The idea of enforcing a gender quota on an exhibition came under fire when Al Qassemi first announced it on his social media accounts in July. “Art should be chosen based on the feeling it gives you / messages included / how it fits into the theme of the exhibition,” said one Facebook user while another added that the plan would “sacrifice a hierarchy of competence for the sake of ‘equality’”.
But others have supported Al Qassemi’s vision: “I am happy to agree that gender ‘should be’ irrelevant. But precisely it is not; not yet, in 2019, indeed,” said Omar Berrada, a New York-based writer and curator who is the director of the Marrakech artists’ residency programme Dar al-Ma’mun. “To the extent that the rules of this game have been and still are set by men, abstract notions of ‘meritology’ or ‘quality’ are meaningless. I’d say the point here is not to show ‘the best’ according to whatever the established canons of taste dictate, but perhaps to allow your intervention to propose possible shifts in our skewed perception of the history of Modern Arab art.”

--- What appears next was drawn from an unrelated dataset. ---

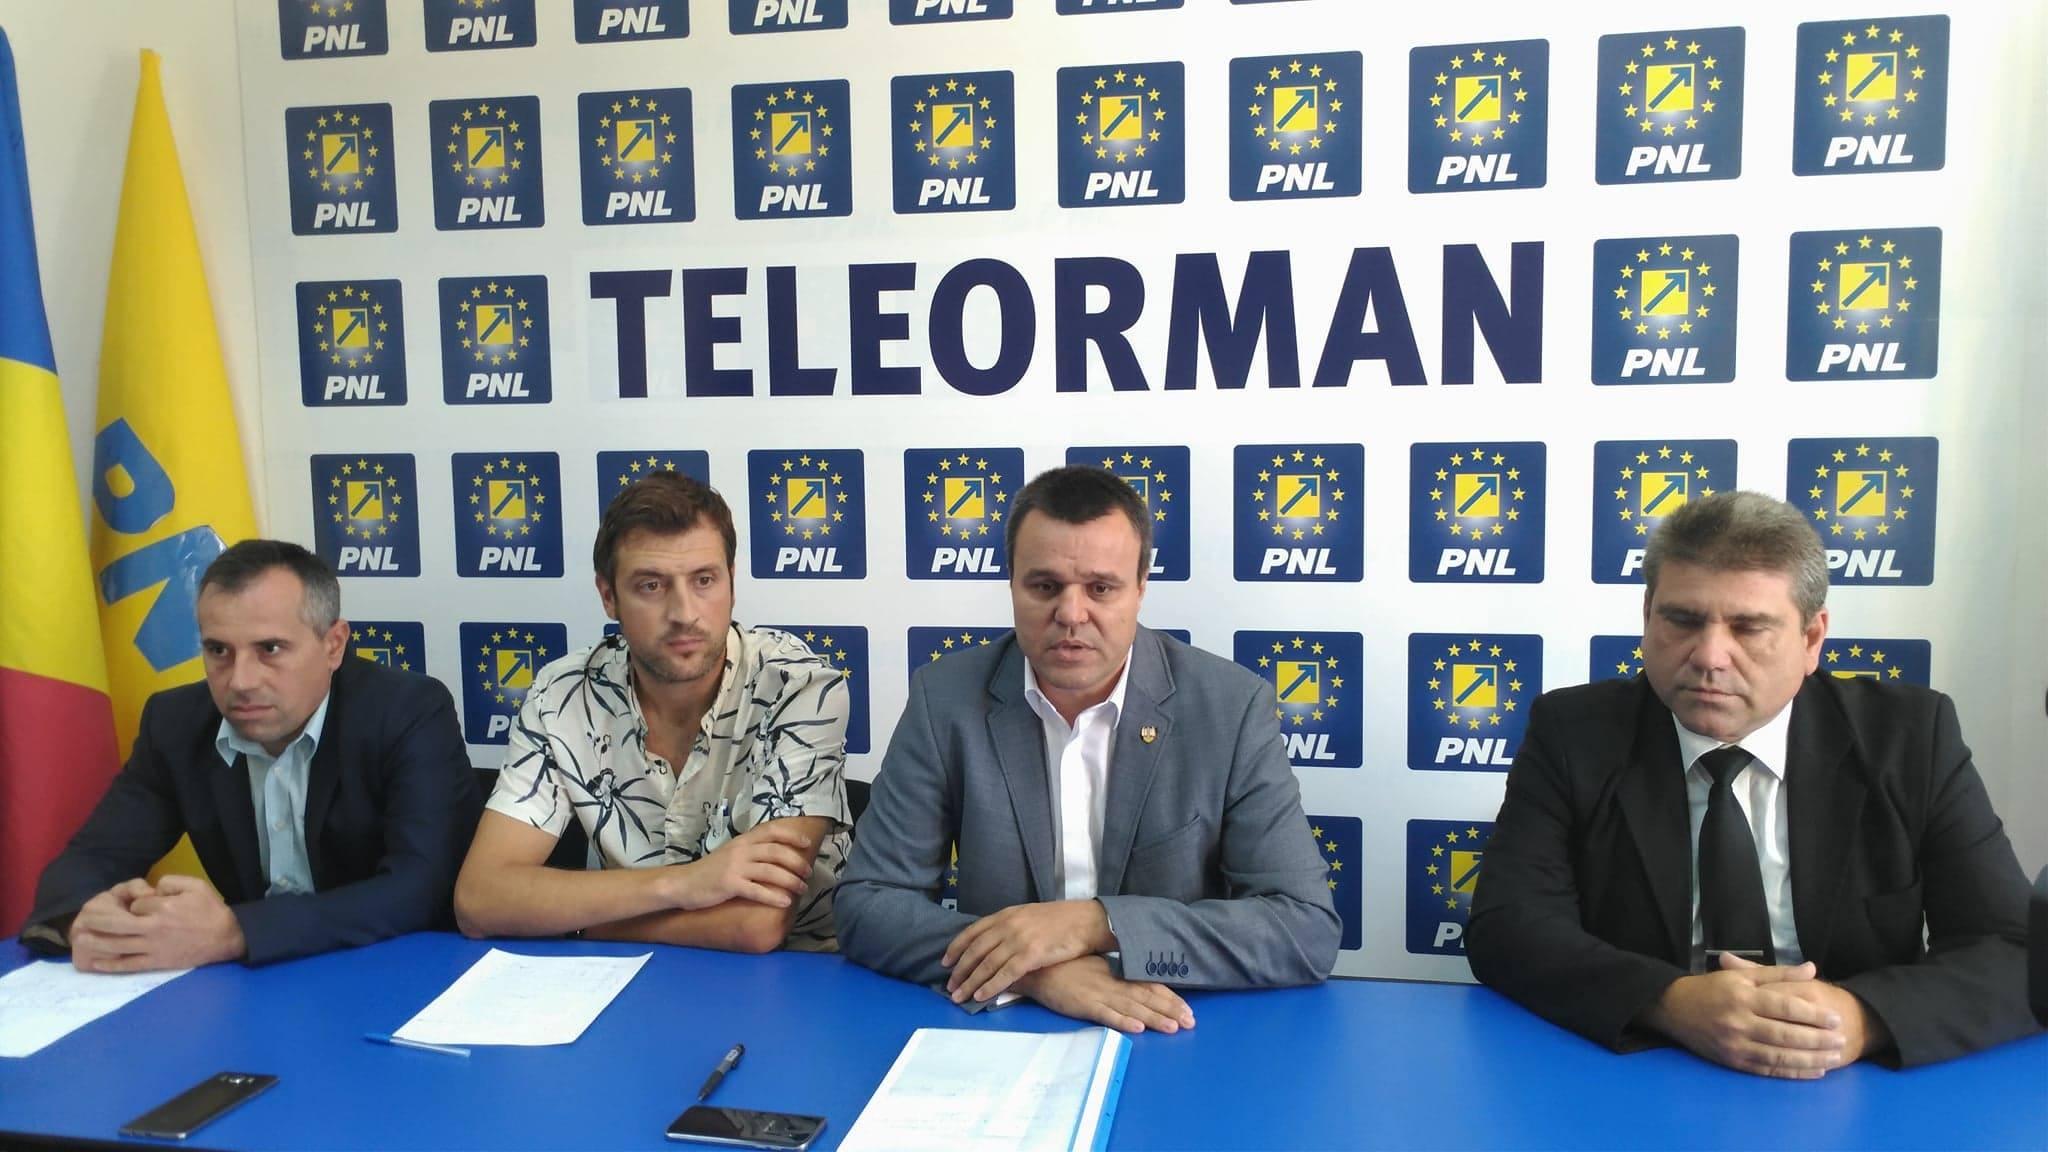 Senator Eugen Pîrvulescu: Referendumul nu trebuie politizat. Fiecare cetăţean să voteze după cum îi dictează conştiinţa

Al Qassemi says he believes in affirmative action: “The world has been so grossly unfair to women, and I believe in the quota system to make sure women are in classrooms, on boards of organisations—and in museums.”

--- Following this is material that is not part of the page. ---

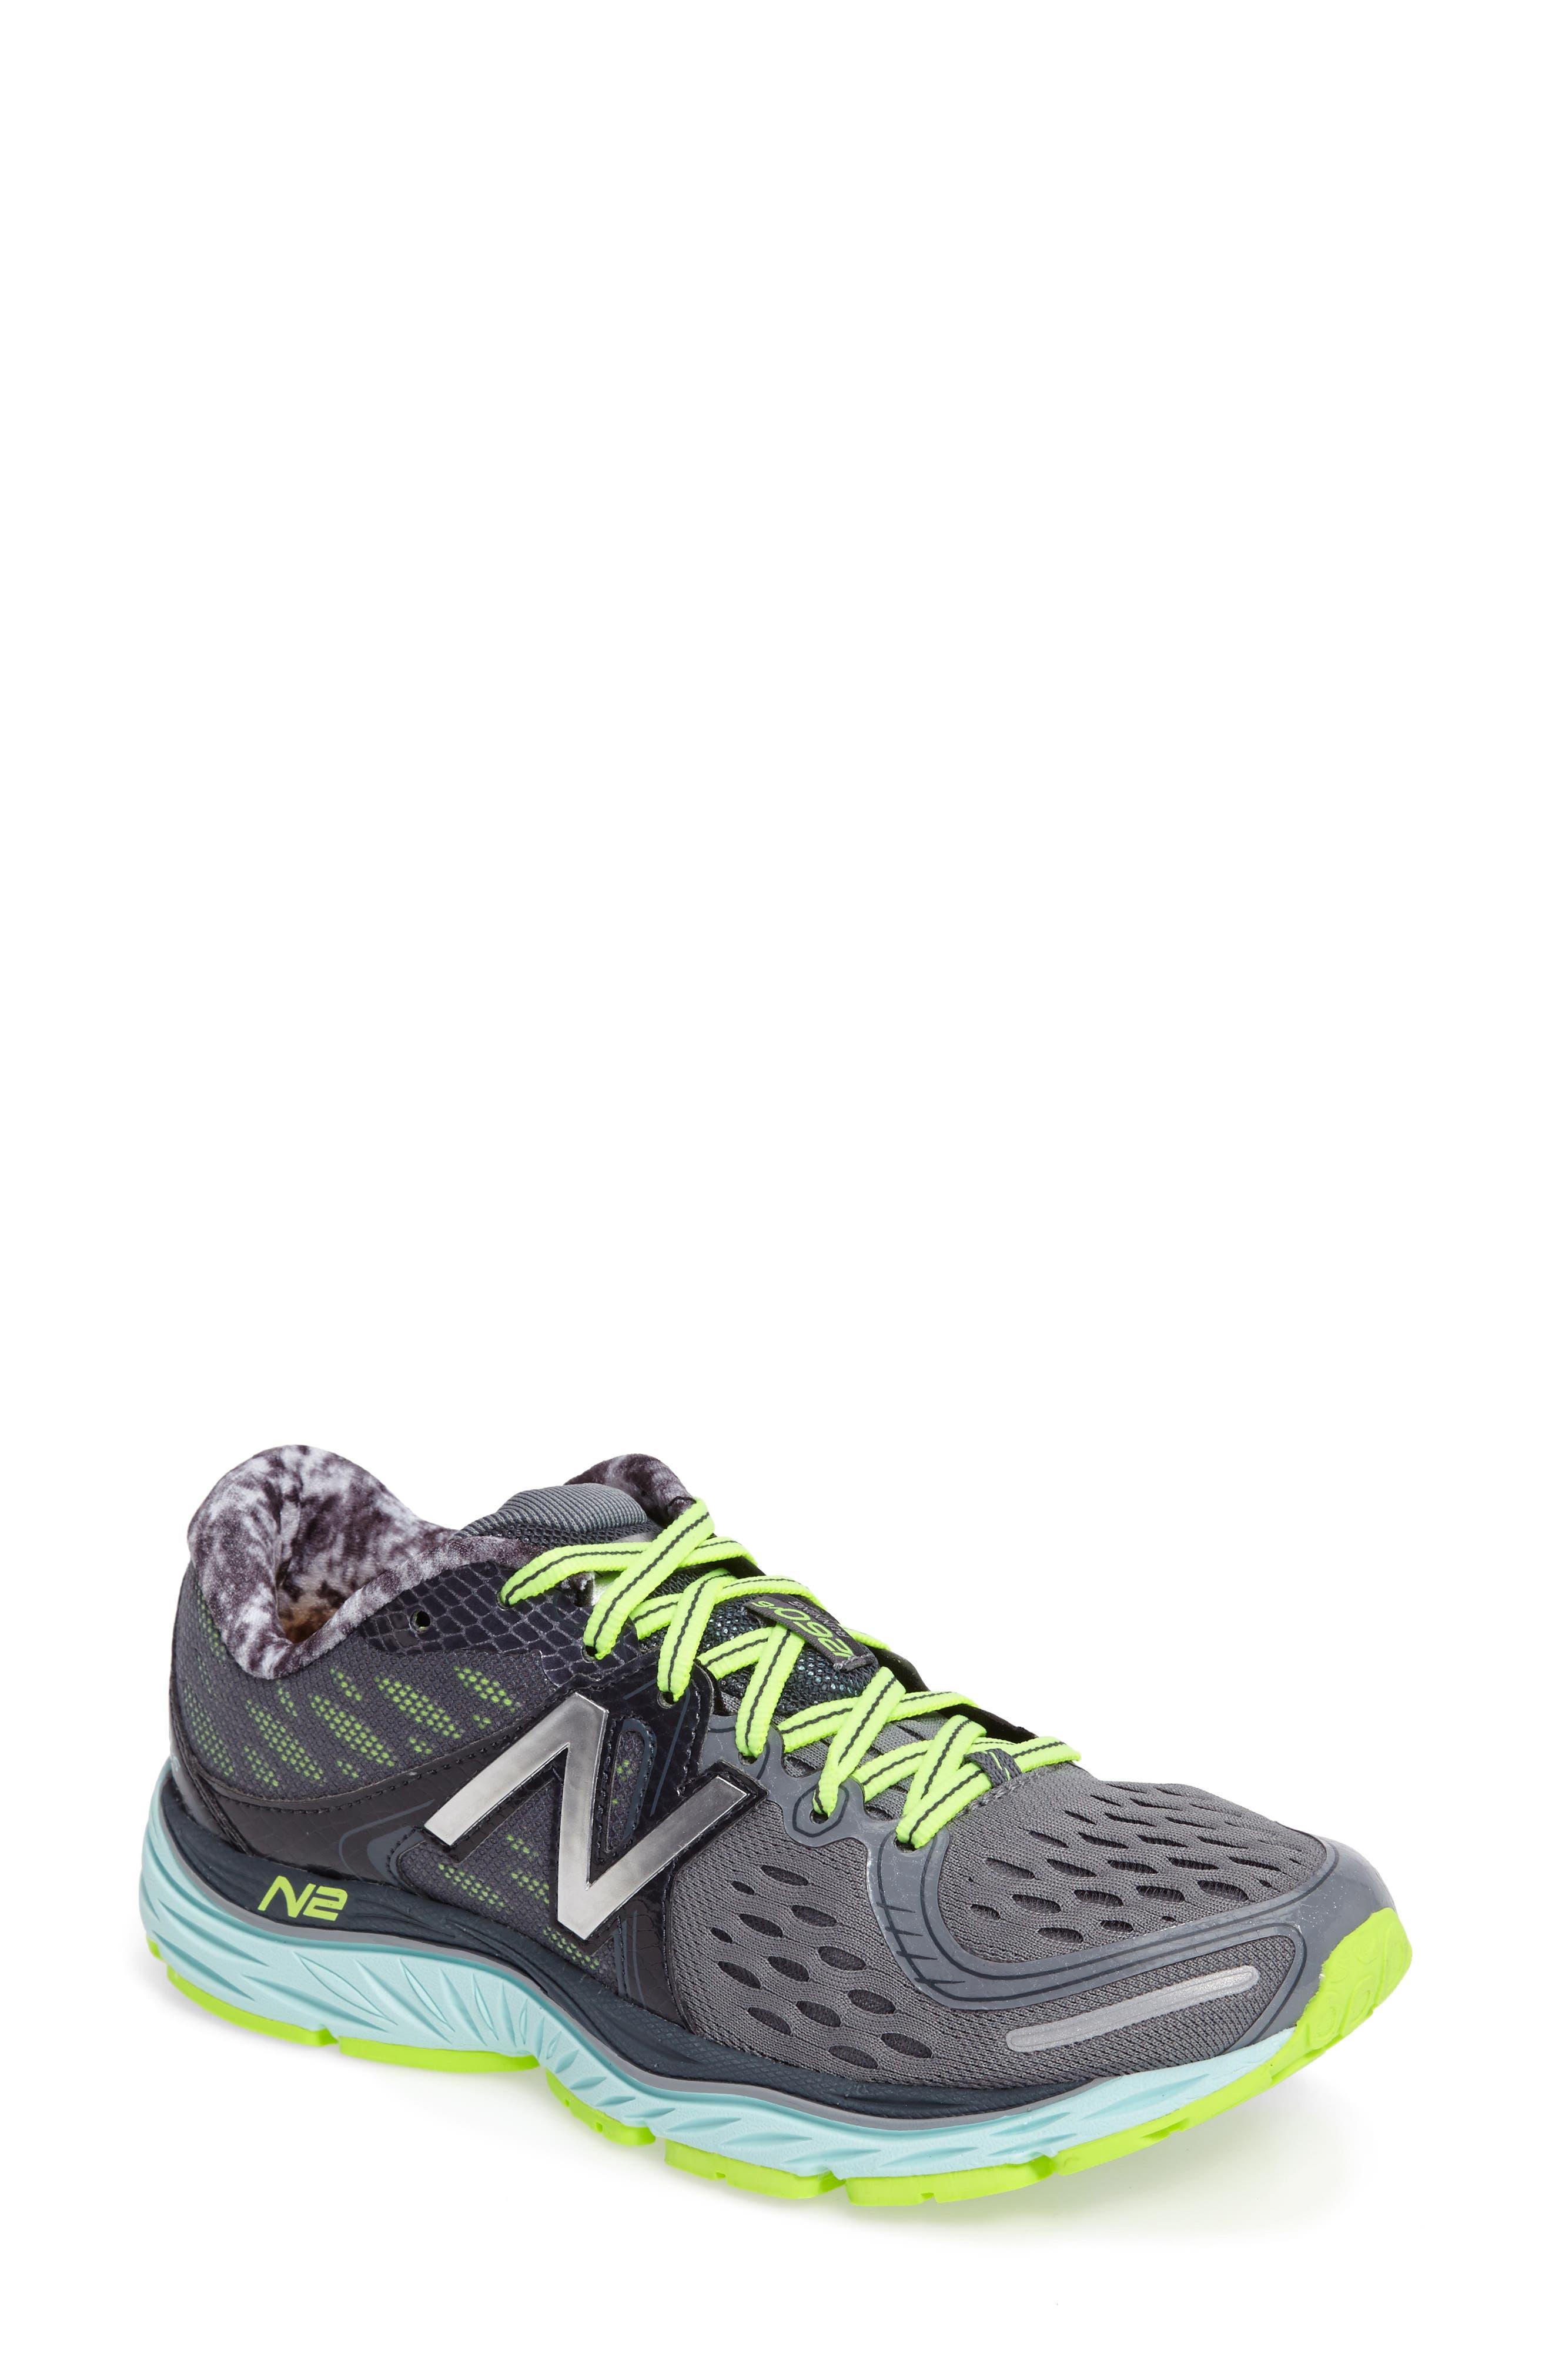 Main Image - New Balance 1260 v6 Running Shoe (Women)

• The Barjeel Art Foundation’s travelling exhibition Taking Shape: Abstraction from the Arab World, 1950s-1980s will take place over two years starting in January: Grey Art Gallery at New York University (14 January 2020-4 April 2020); Mary and Leigh Block Museum of Art at Northwestern University (28 April 2020–26 July 2020); Johnson Museum at Cornell University (22 August 2020–13 December 2020); McMullen Museum of Art at Boston College (25 January 2021–6 June 2021); and University of Michigan Museum of Art (25 June 2021–19 September 2021).